[Start of Attachment]
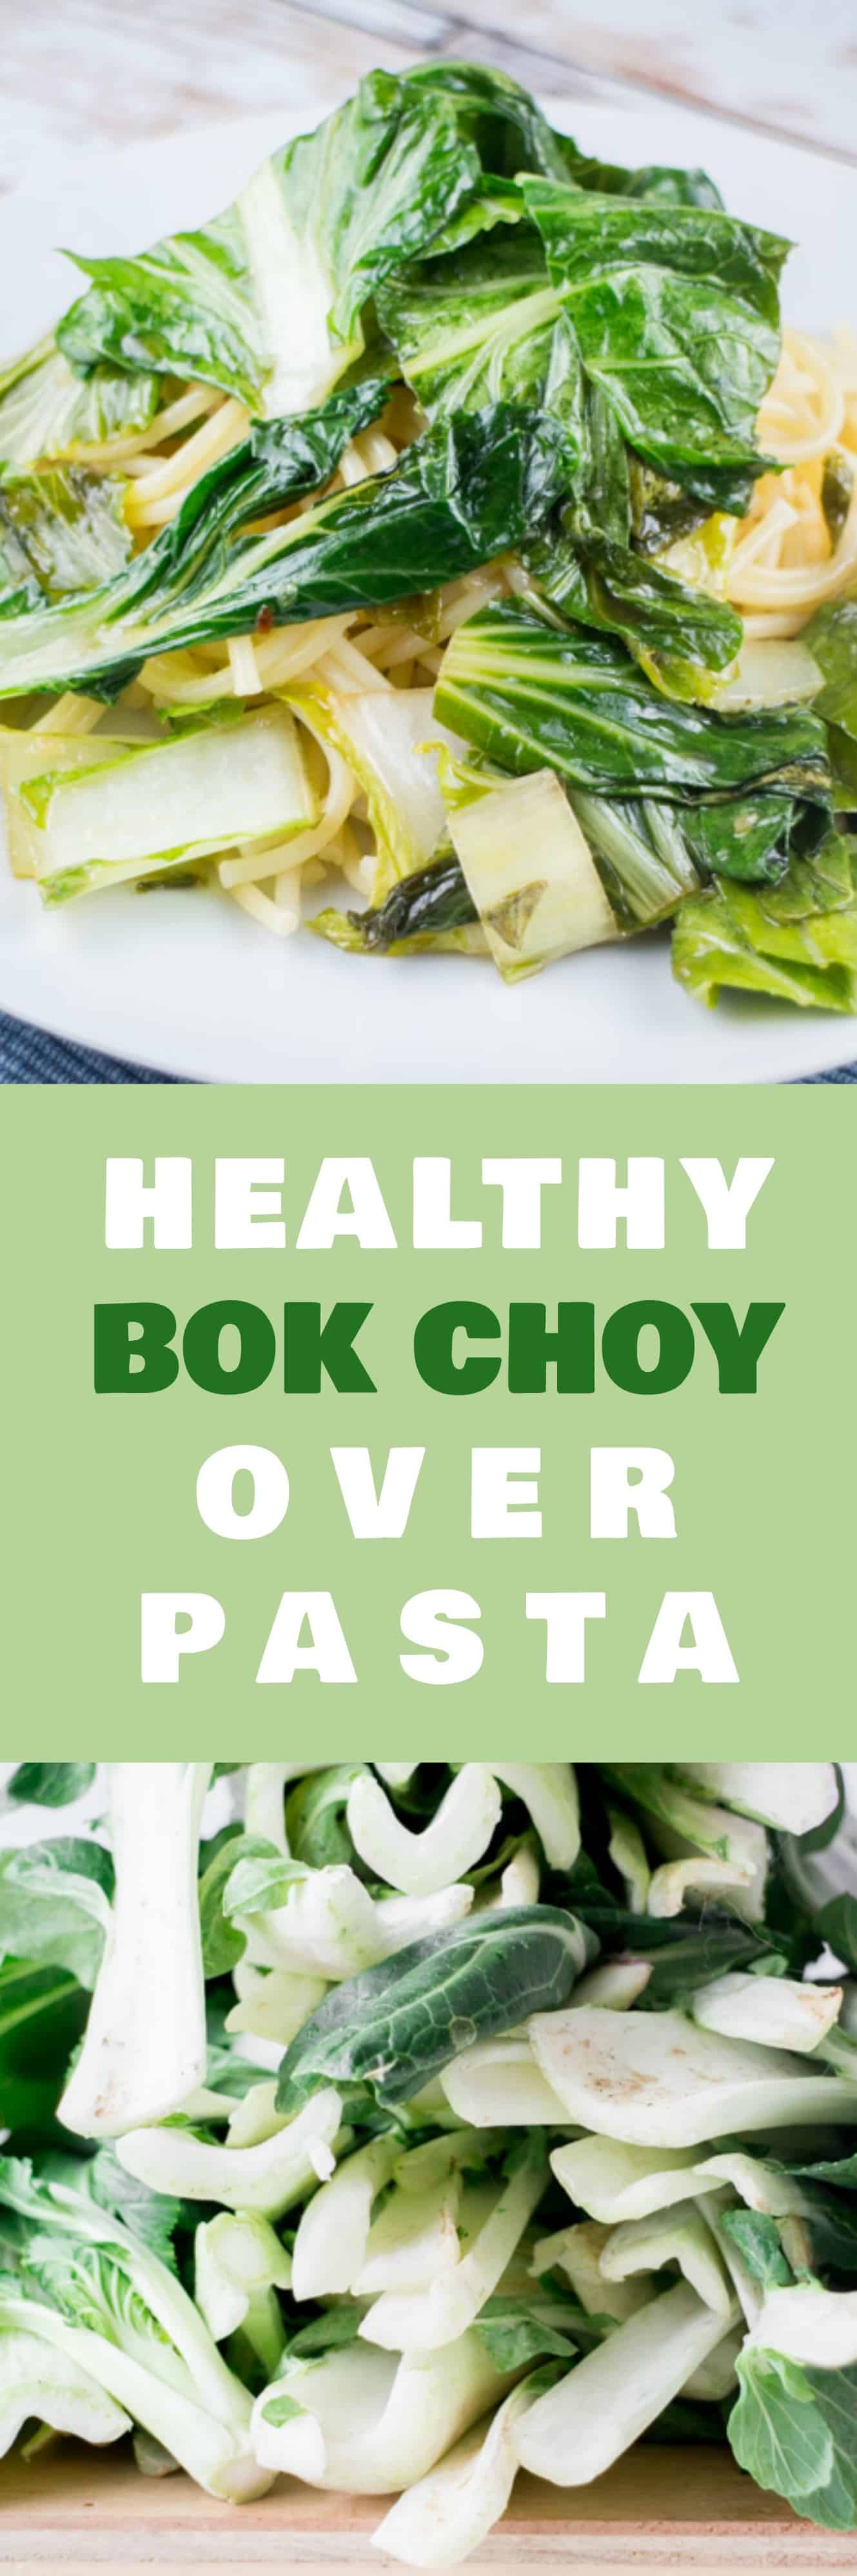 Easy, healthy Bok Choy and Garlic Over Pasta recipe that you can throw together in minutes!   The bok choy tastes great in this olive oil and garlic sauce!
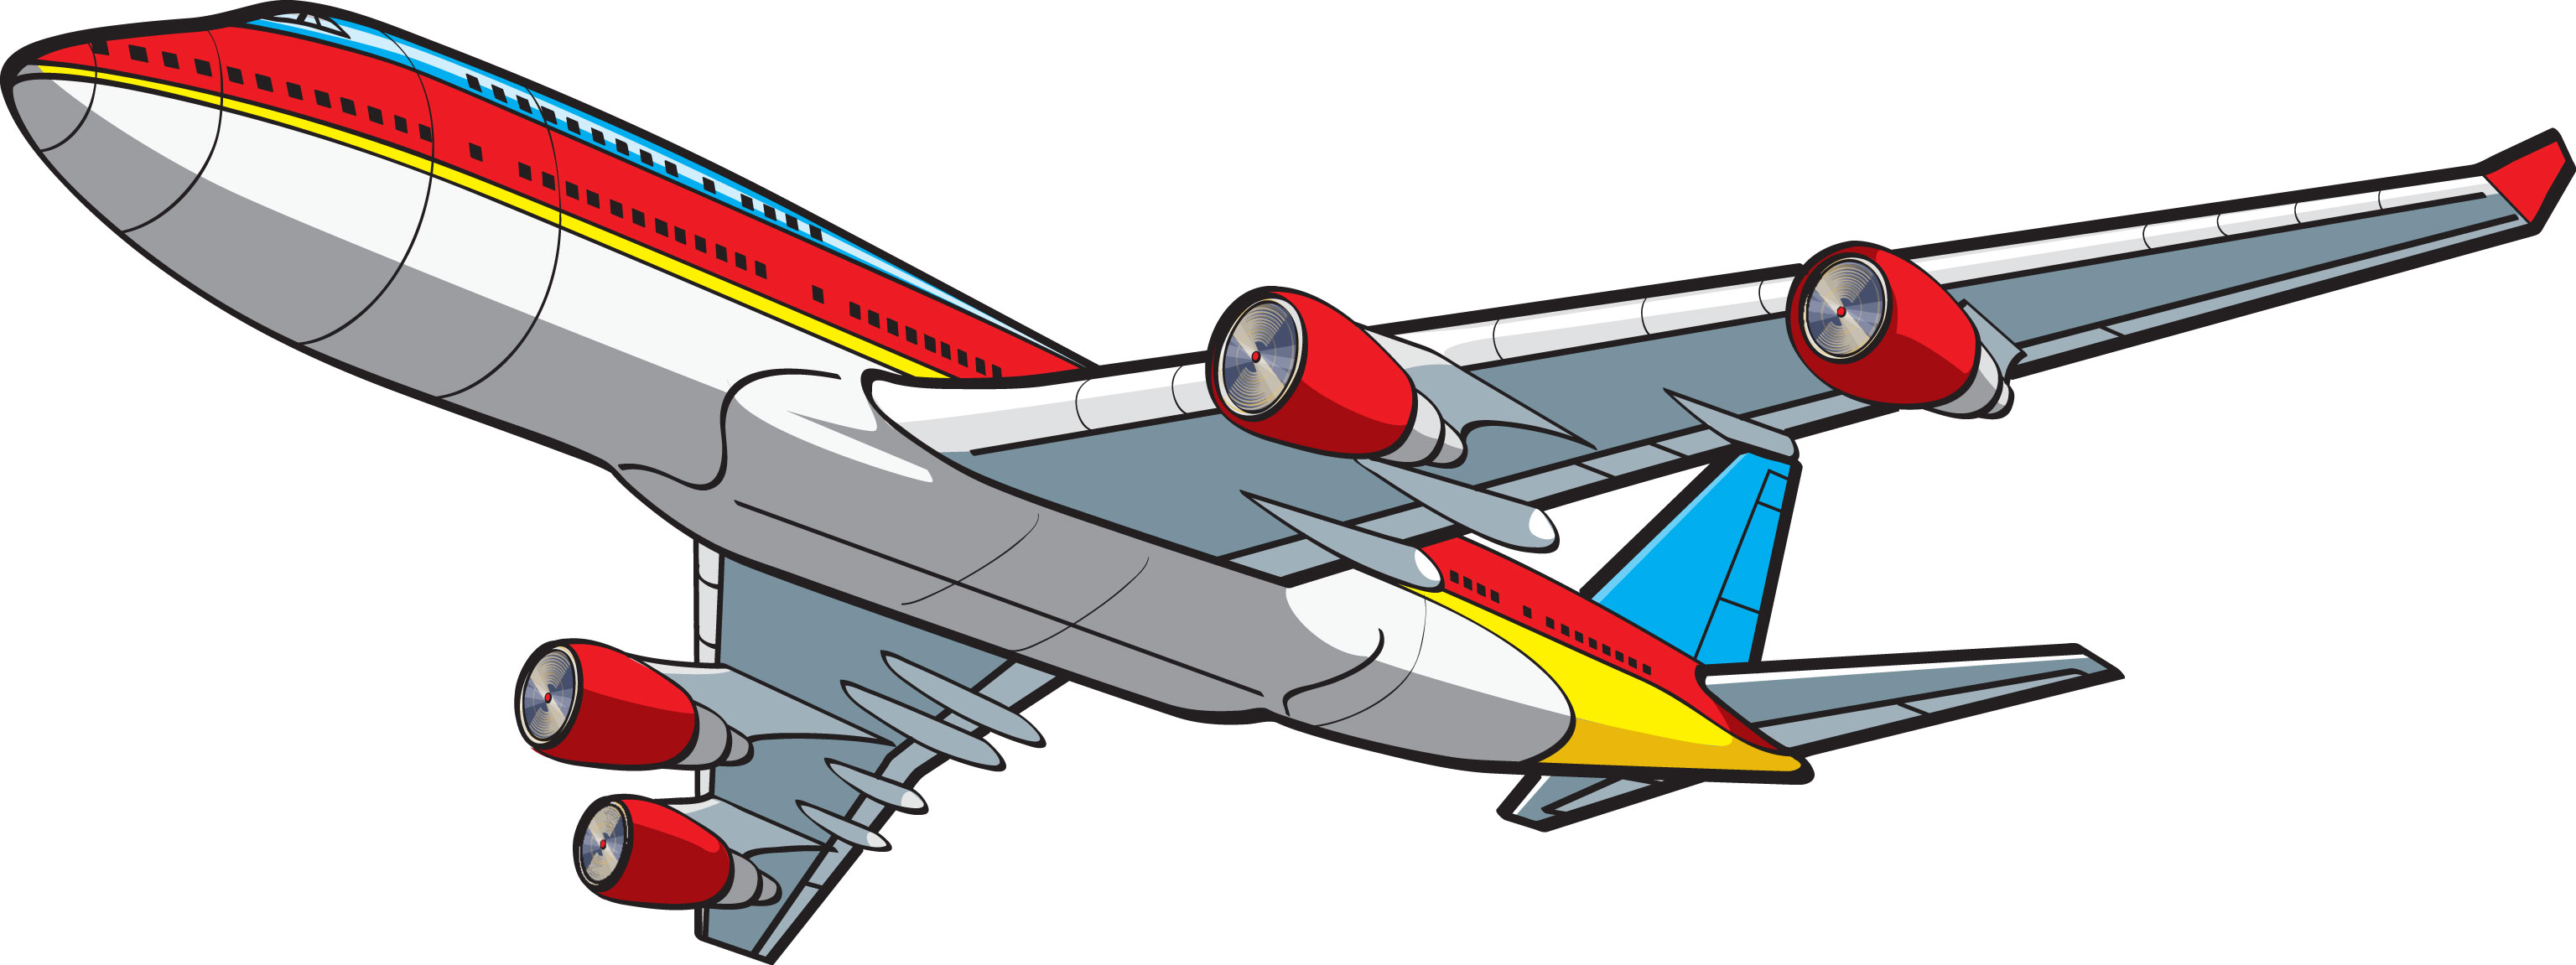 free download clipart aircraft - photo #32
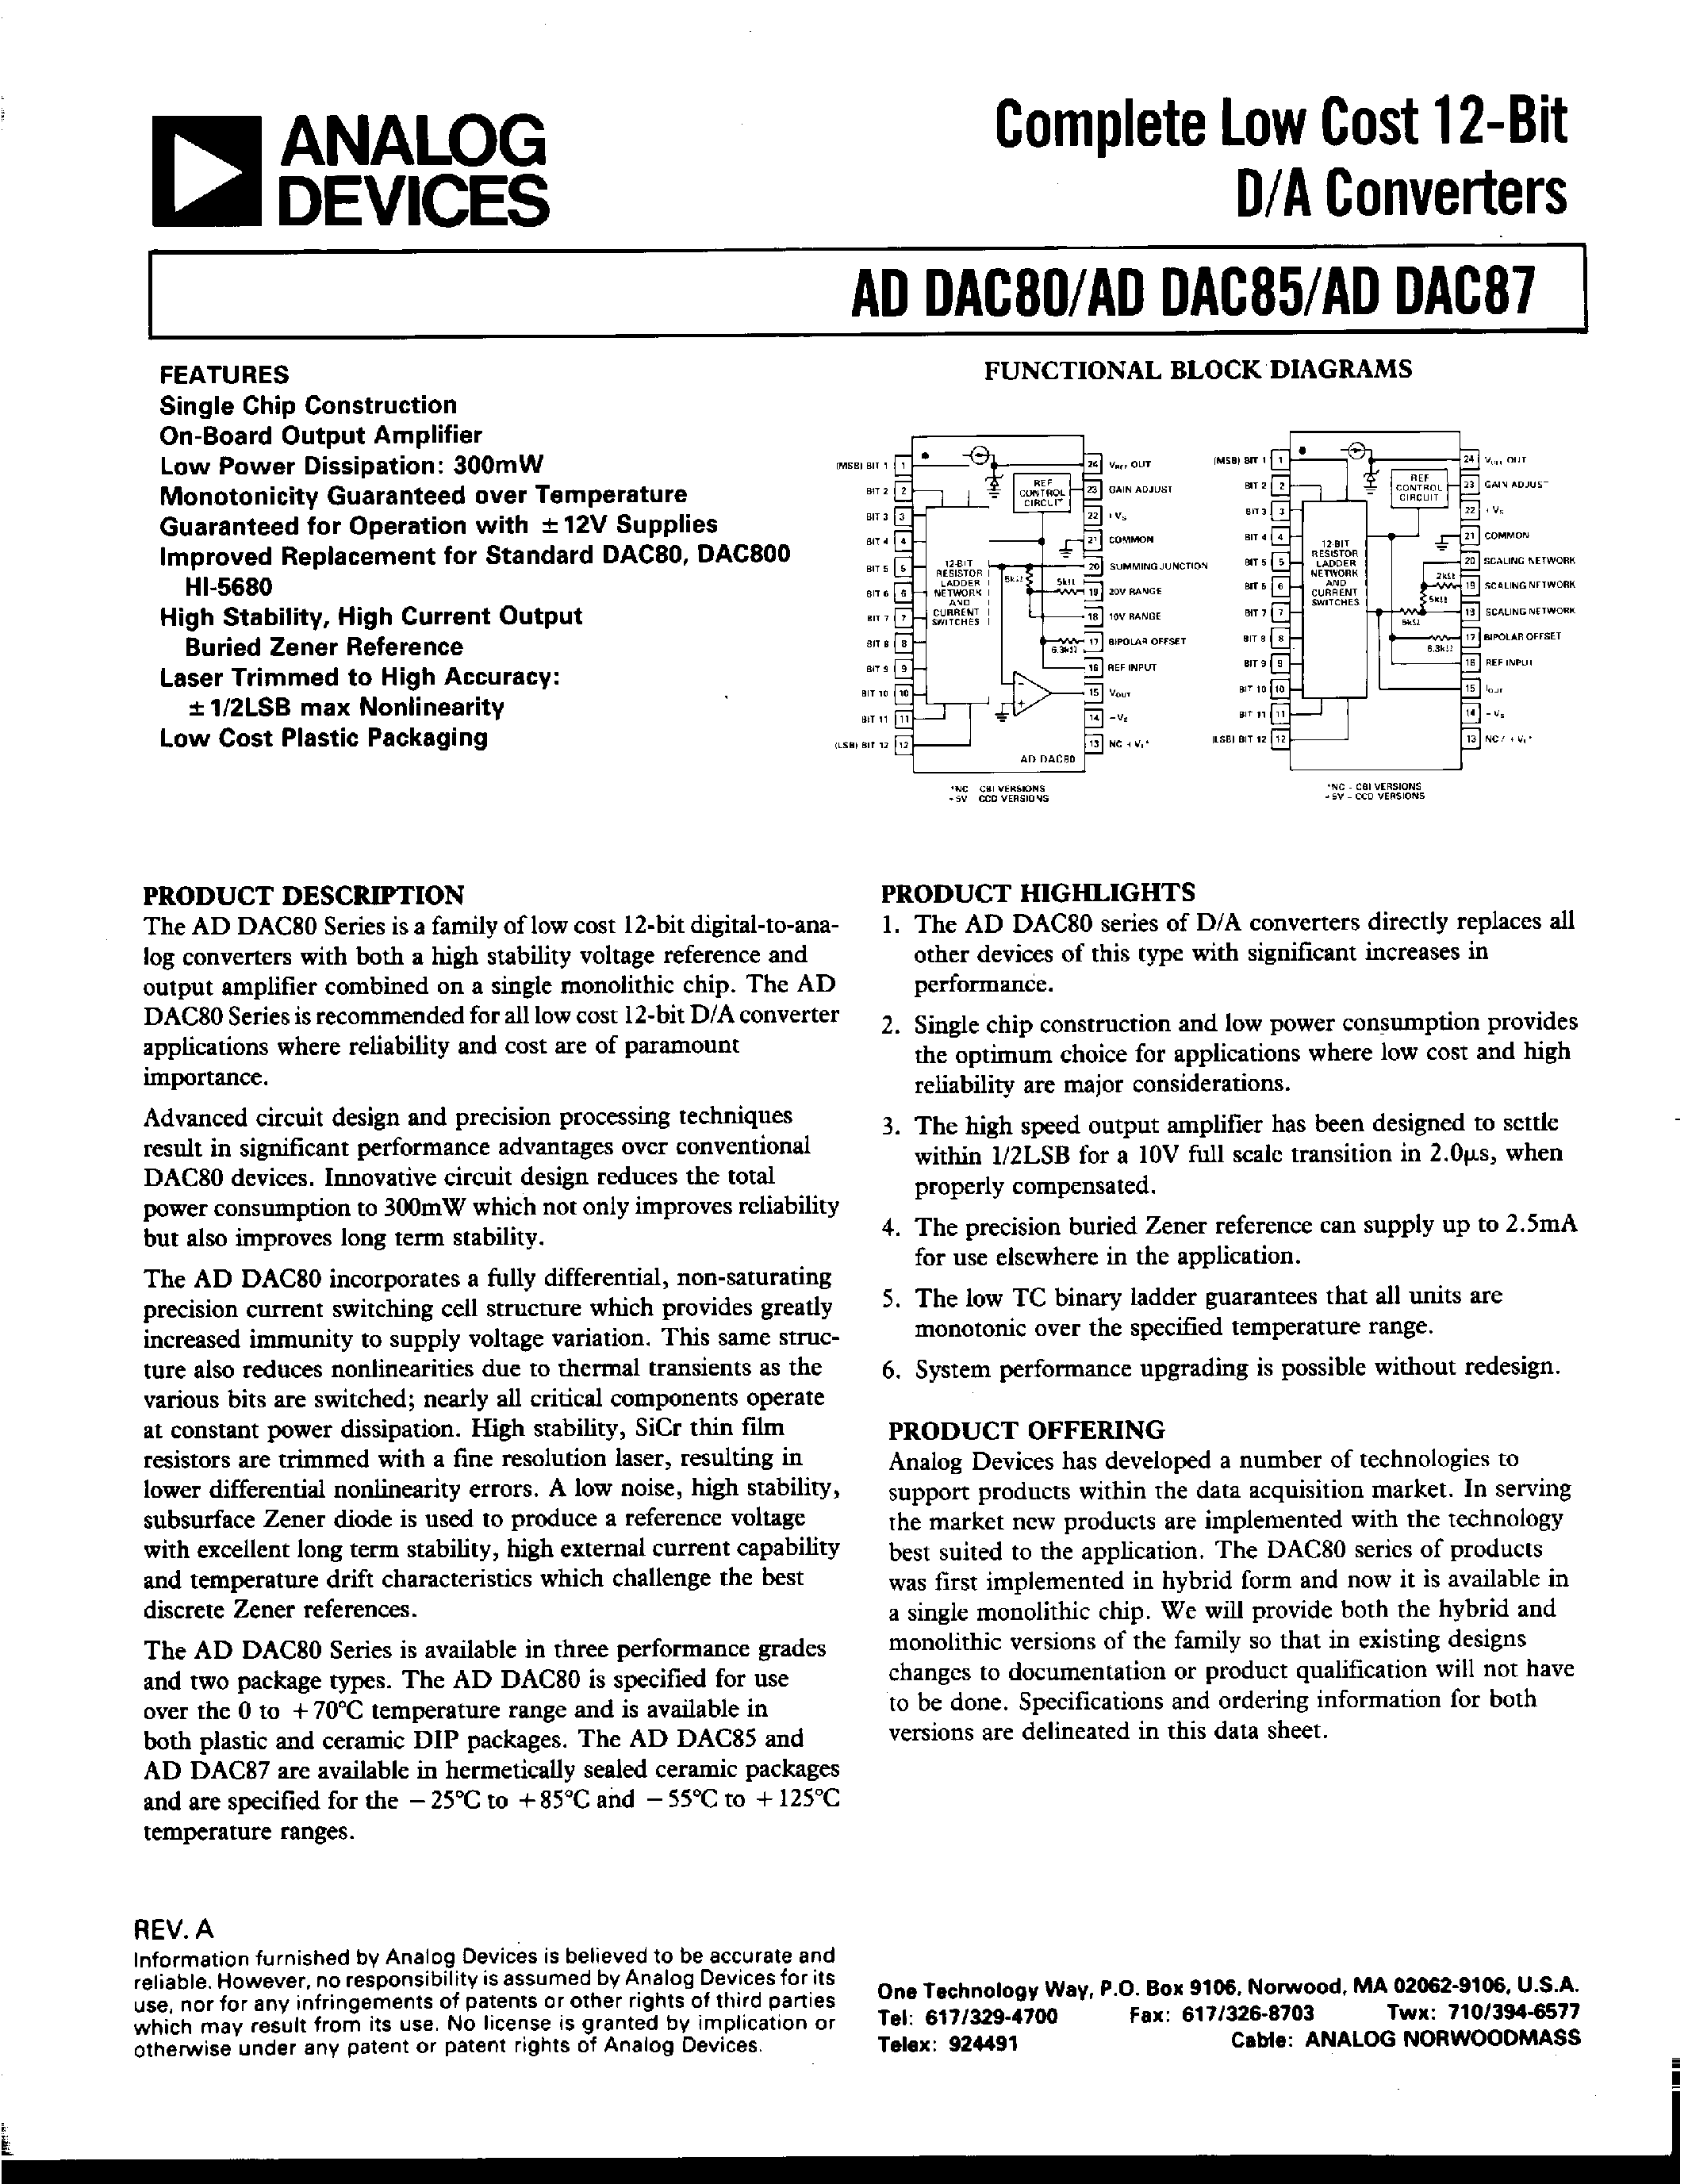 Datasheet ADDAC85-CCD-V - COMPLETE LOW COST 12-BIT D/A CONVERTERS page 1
[End of Attachment]
The problem
What is needed is an exact repeat of only the lines from the one containing "free download clipart aircraft - photo #32" through the last line of the listing above, both ends included, without the pictures.

Solution
 free download clipart aircraft - photo #32
 Datasheet ADDAC85-CCD-V - COMPLETE LOW COST 12-BIT D/A CONVERTERS page 1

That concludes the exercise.